Beginning with Oracle 12c, there's yet another way to check the usage. Fixed table x$ksmssinfo (probably Kernel Service, Memory Sga OS (level) Info) not only can tell you whether the memory page size is that of HugePages, but it can even map the SGA components with shared memory segments. The example below is from Oracle 184.108.40.206, where in-memory area is configured. (I removed the ipcs lines irrelevant to this Oracle instance in the example.)
SQL> select "AREA NAME", "SEGMENT SIZE", "SIZE", pagesize, shmid from x$ksmssinfo; AREA NAME SEGMENT SIZE SIZE PAGESIZE SHMID -------------------- ------------ ---------- ---------- ---------- imc area rdonly 0 83886080 83886080 2097152 87588873 Variable Size 3288334336 3254779904 2097152 87621642 imc area default 0 3288334336 33554432 2097152 87621642 Redo Buffers 14680064 13844480 2097152 87654411 Fixed Size 4194304 2932736 2097152 87556104 skgm overhead 20480 20480 4096 87687180 SQL> !ipcs -m ------ Shared Memory Segments -------- key shmid owner perms bytes nattch status ... 0x00000000 87556104 oracle 640 4194304 25 0x00000000 87588873 oracle 640 83886080 25 0x00000000 87621642 oracle 640 3288334336 25 0x00000000 87654411 oracle 640 14680064 25 0x639dac14 87687180 oracle 640 20480 25
As you can see, this fixed table tells us HugePages is used except for Oracle's interface to the OS in the generic memory management layer (skgm overhead), which still uses the default 4 KB page size.

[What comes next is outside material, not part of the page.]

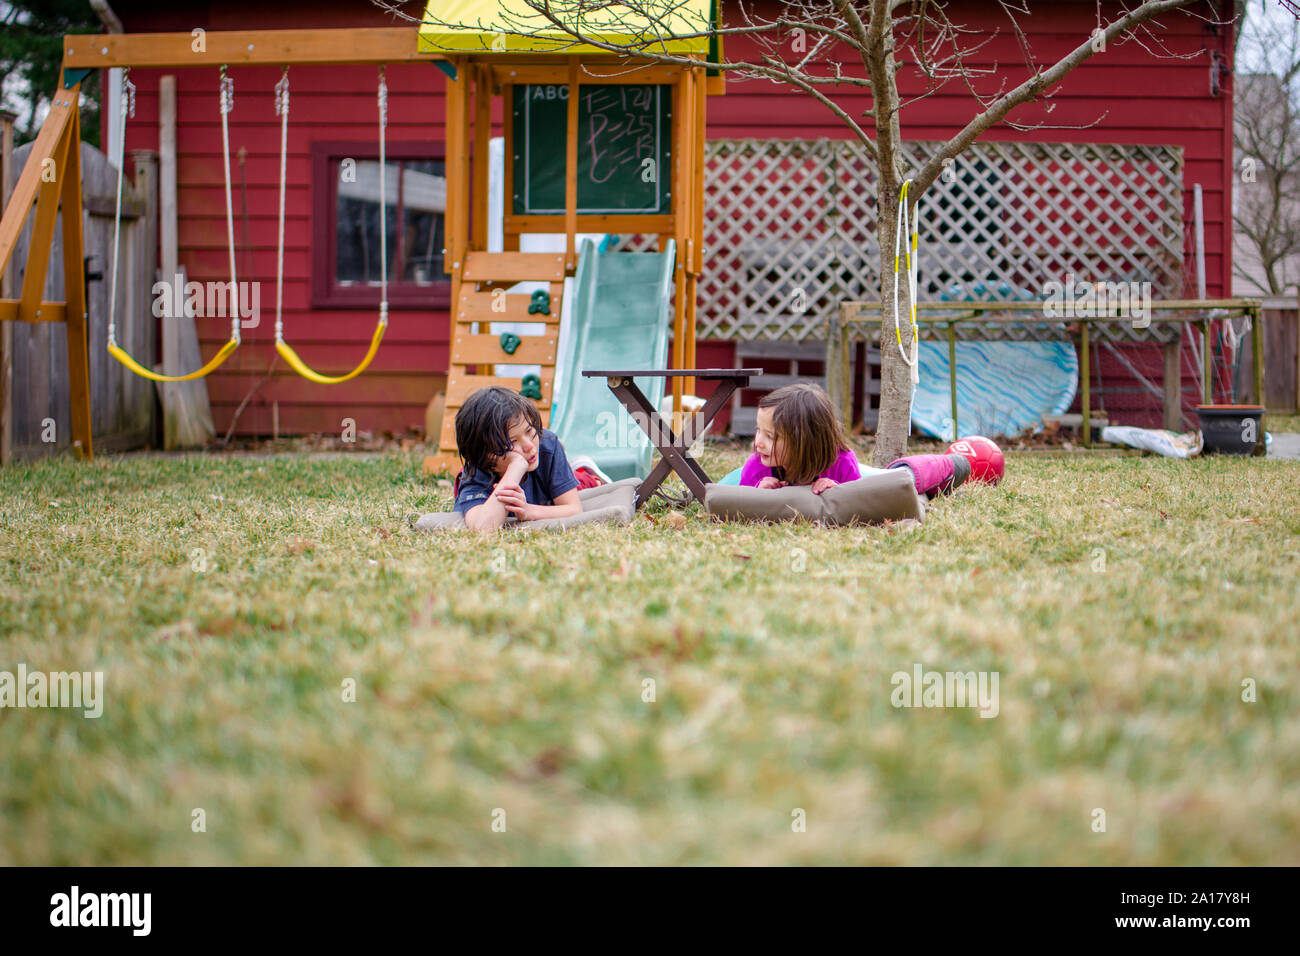 Deux heureux des enfants déposent sur des nattes dans leur cour bavardant ensemble Banque D'Images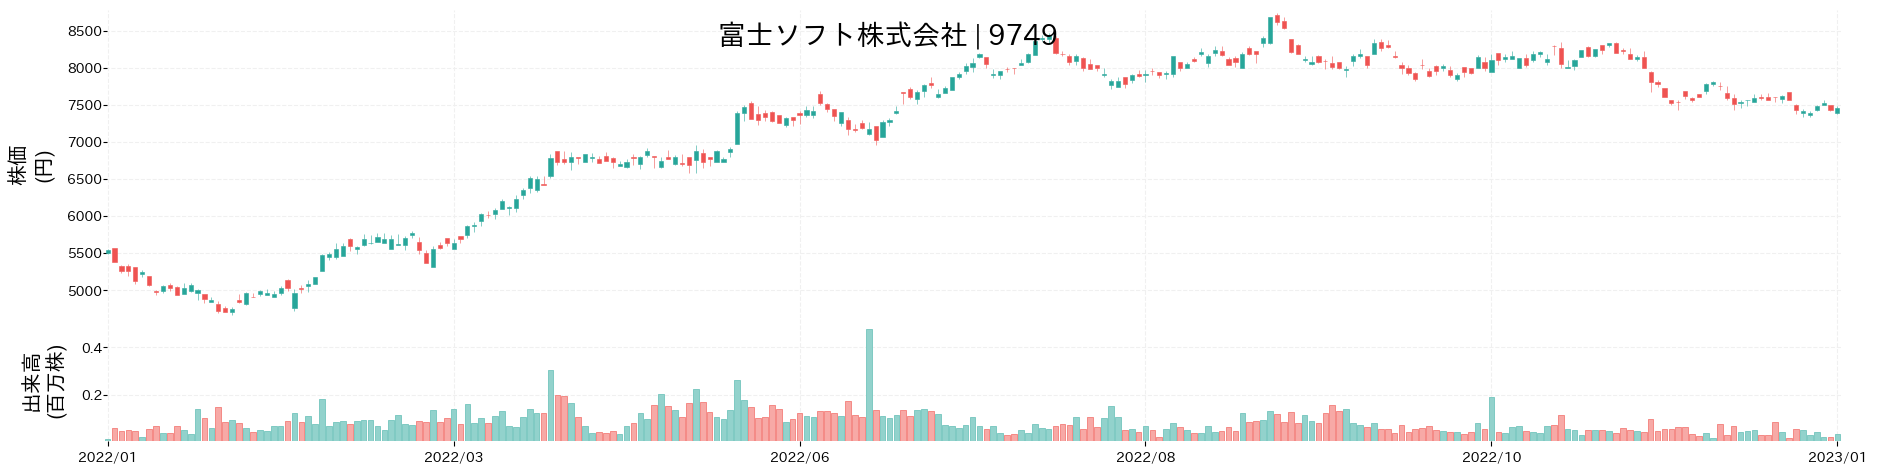 富士ソフトの株価推移(2022)

The largest segment of 3288334336 bytes in size is in two parts: Variable Size (not the same as Variable Size shown by SQL*Plus command show sga, which excludes buffer cache) used for buffer cache and various SGA pools (shared pool, java pool, large pool), and part of the in-memory area or column store (imc area default 0). The second largest segment of 83886080 bytes contains the other part of in-memory area (imc area rdonly 0). The remaining two segments are obvious. But in spite of small sizes, they don't seem to be fully used.
For more about HugePages, see ../oranotes/HugePages.txt and the references cited therein.